Отец Ромеро, разодрав подол своей рясы, сделал повязку, но кровь, хоть и тише, продолжала течь. Торрес скакал всё медленней, и монах, всякий раз беспокойно оборачиваясь, убеждался, что передовые всадники догоняют их.
— Оставьте меня, — хрипло прошептал драгун, когда они придержали коней, чтобы напиться воды. Торрес лежал лицом вниз, уткнувшись щекой в сырой песок берега. Из открытого рта слюна стекала на плоский, нагретый солнцем камень. Загнанное сердце стучало в самые уши, ладони саднило от сорванных уздой мозолей. Легкий ветер холодил его волосы, свалявшиеся и торчащие колтуном от пота и пыли.
Старик тяжело дышал, тупо уставившись на беззаботную стрекозу, что стрекотала крыльями над его головой, и губы его дрожали.
— Поднимайся! — падре, едва держась на ногах, подошел к Торресу.

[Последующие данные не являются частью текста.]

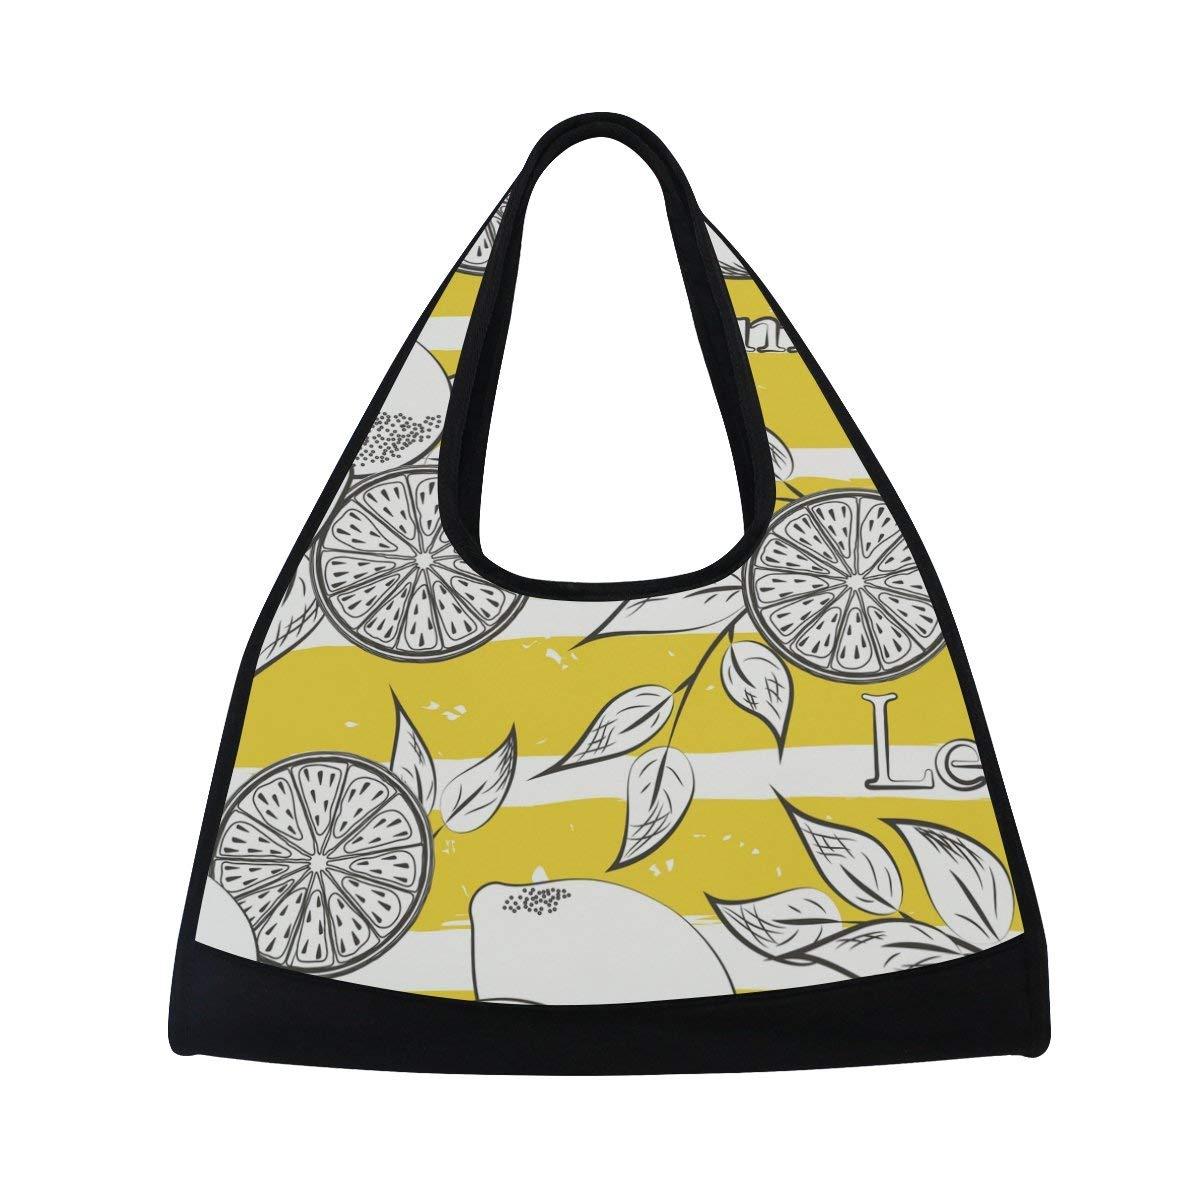 Sport Gym Bag Leaf Lemon Fruit Pattern Canvas Travel Duffel Bag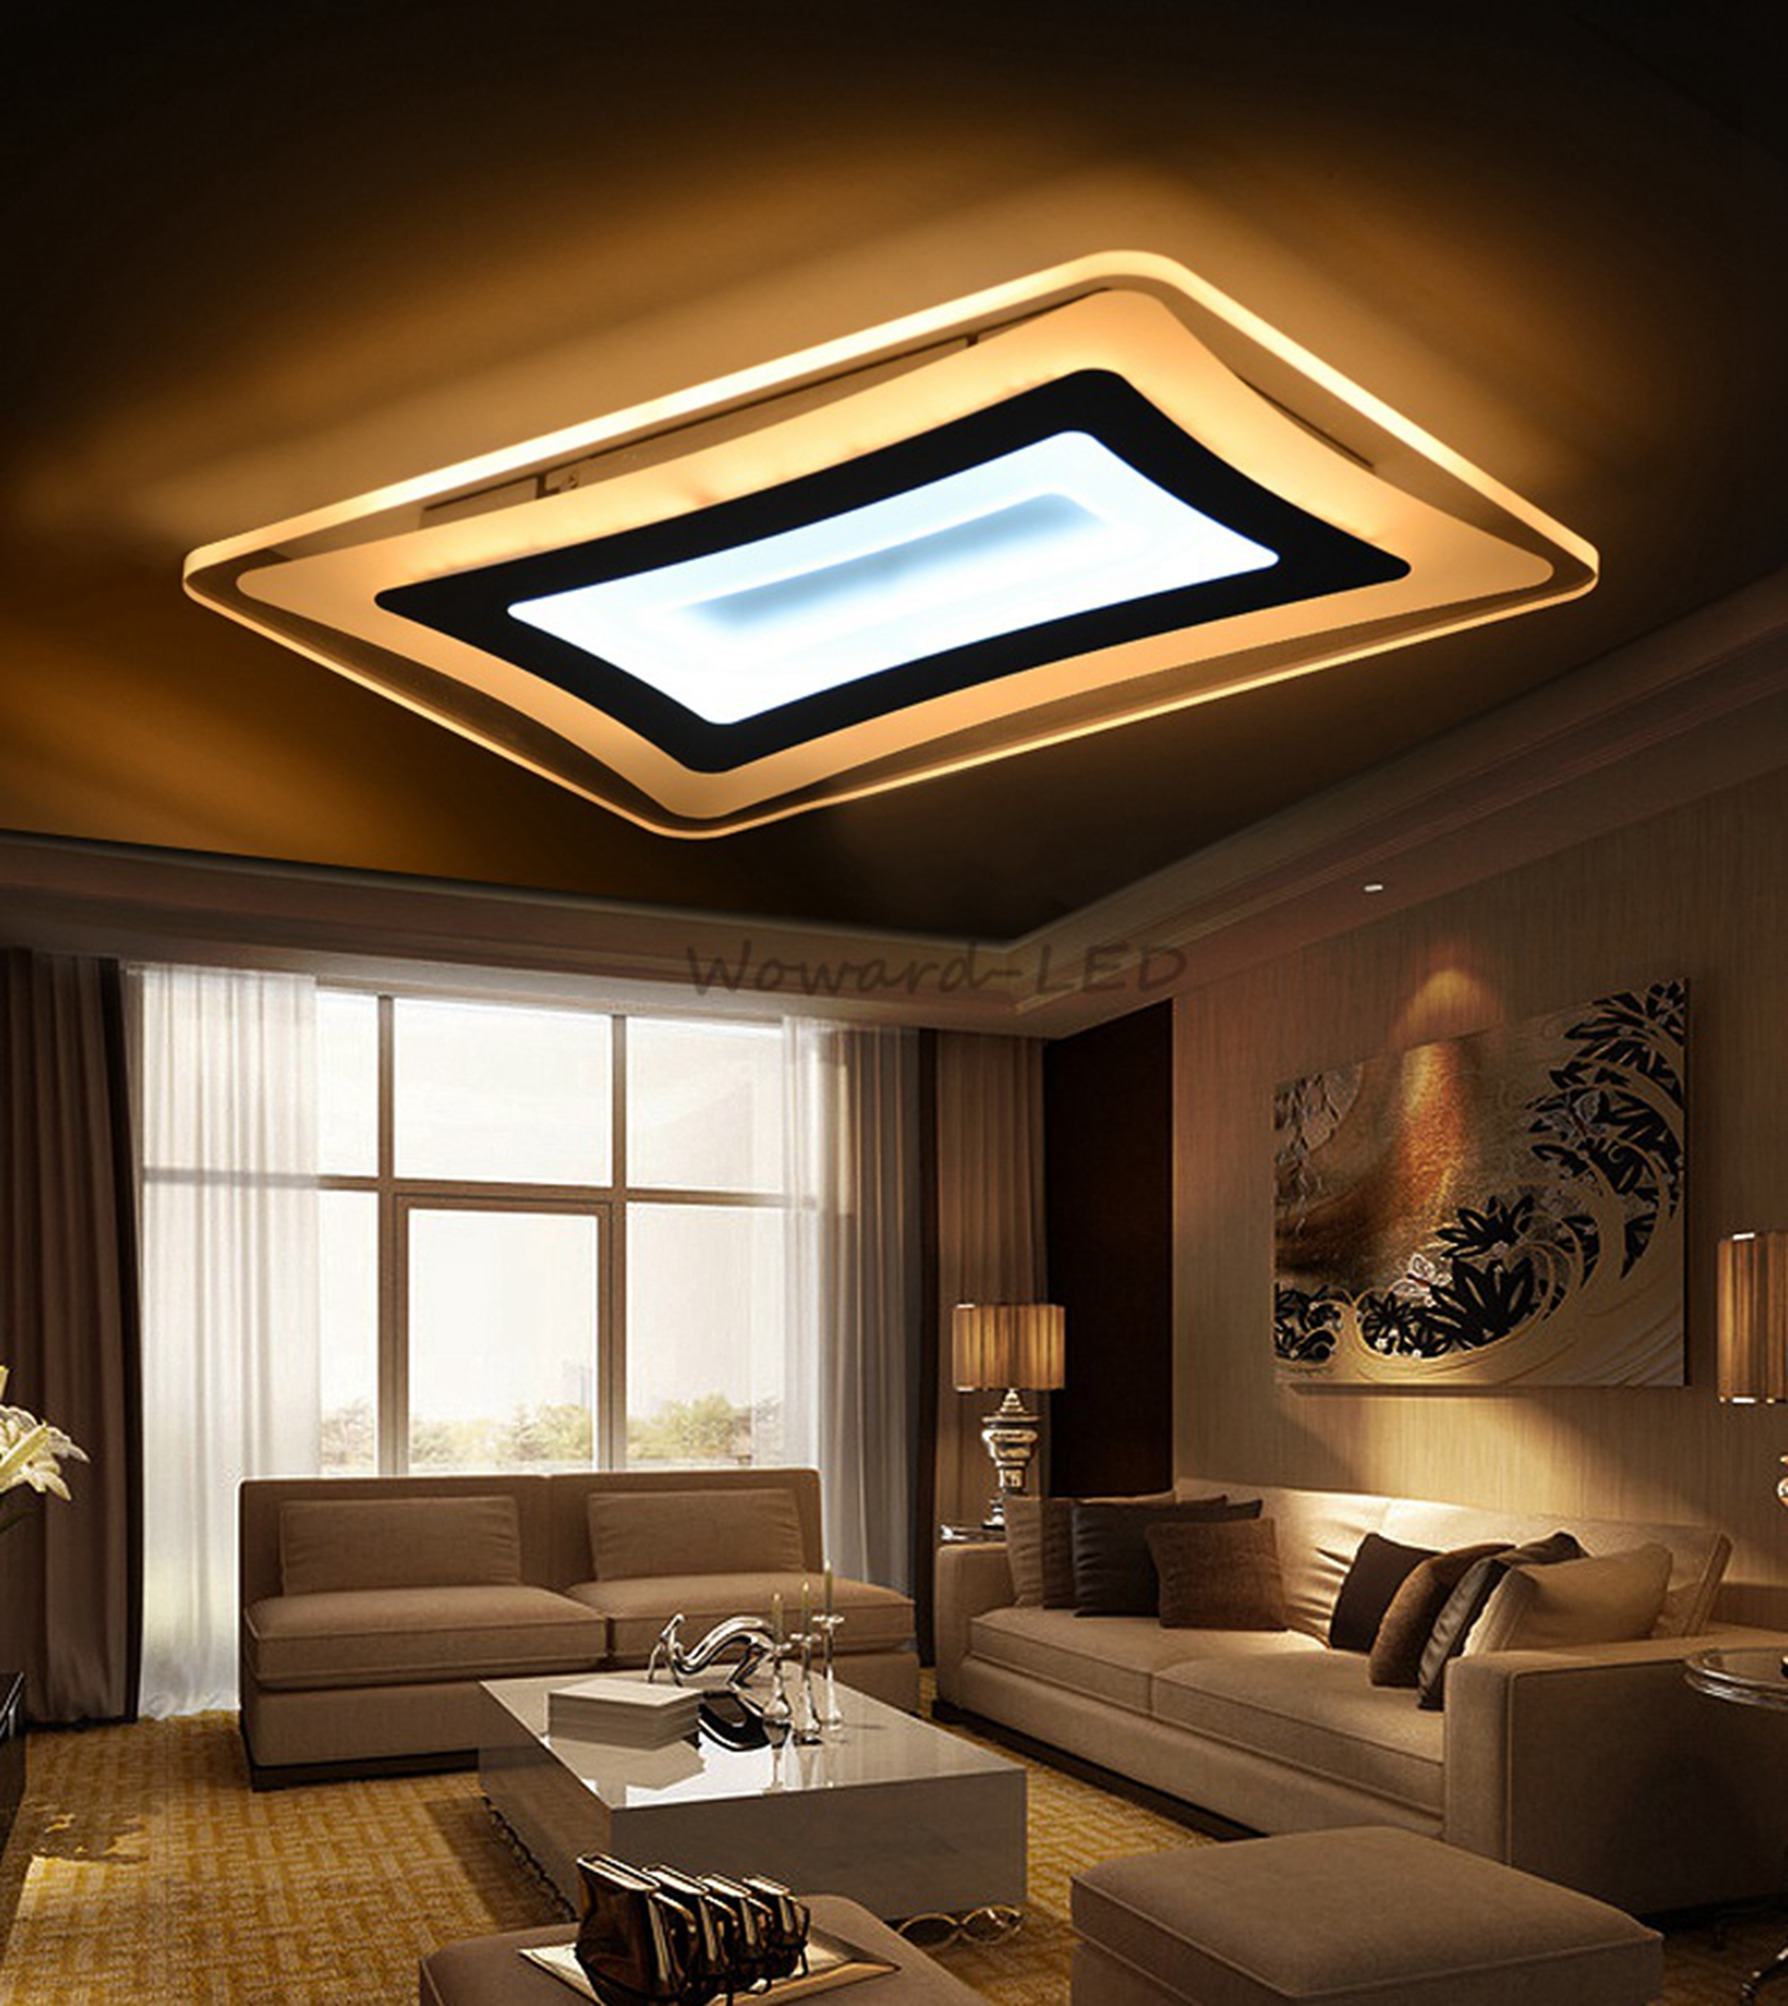 wow led deckenlampe deckenleuchte 48w bis 148w dimmbar lampe beleuchtung wow r b ebay. Black Bedroom Furniture Sets. Home Design Ideas

— Я больше не могу… Оставьте меня… — в голосе раненого слышались истеричные ноты. — Уходите сами… Вы и так сделали для нас с Эрнаном всё, что могли…
— Вставай, я сказал! — старик ухватился за его плечи.
— Да идите вы к черту со своей заботой и милосердием!.. Я не хочу! Не хочу жить!
Вместо ответа монах треснул его по губам и, не стесняясь в выражениях, заставил вскарабкаться в седло.
И вновь они гнали коней, захлебываясь зноем и пылью, пытаясь уйти от погони.
Монах в бессильном гневе порвал свои четки, когда понял: Торресу не выдюжить этой гонки.
Слабость того росла на глазах. Он с огромным трудом удерживался в стременах, постоянно придерживаясь одной рукой за луку седла. Сердце, казалось, готово было выскочить из груди, лицо стало пепельно-серым.
«Санта-Мария! Неужели всё зря? Похоже, весь ад вскинулся, встал на дыбы против нас…» — пот, стекая из-под шляпы, застил глаза падре. Он слышал, как в барабанные перепонки колотился пульс. Ремни стремян невыносимо натерли ему голень.
В очередной раз обернувшись, беглецы увидели, как длинная цепь жагунсо уже начала взбираться по склону холма, и поняли: расстояние между ними опасно сократилось.
— Соберись с силами, сынок! Осталось немного, — падре торопливо зарядил ружье.
— У меня темно в глазах… и в ушах… словно треск цикад… — прохрипел Торрес, шатаясь в седле. Дышал он теперь исключительно ртом, губы распухли и запеклись. — Спасайтесь, отец Ромеро… Я задержу их, — драгун потянулся за седельным пистолетом.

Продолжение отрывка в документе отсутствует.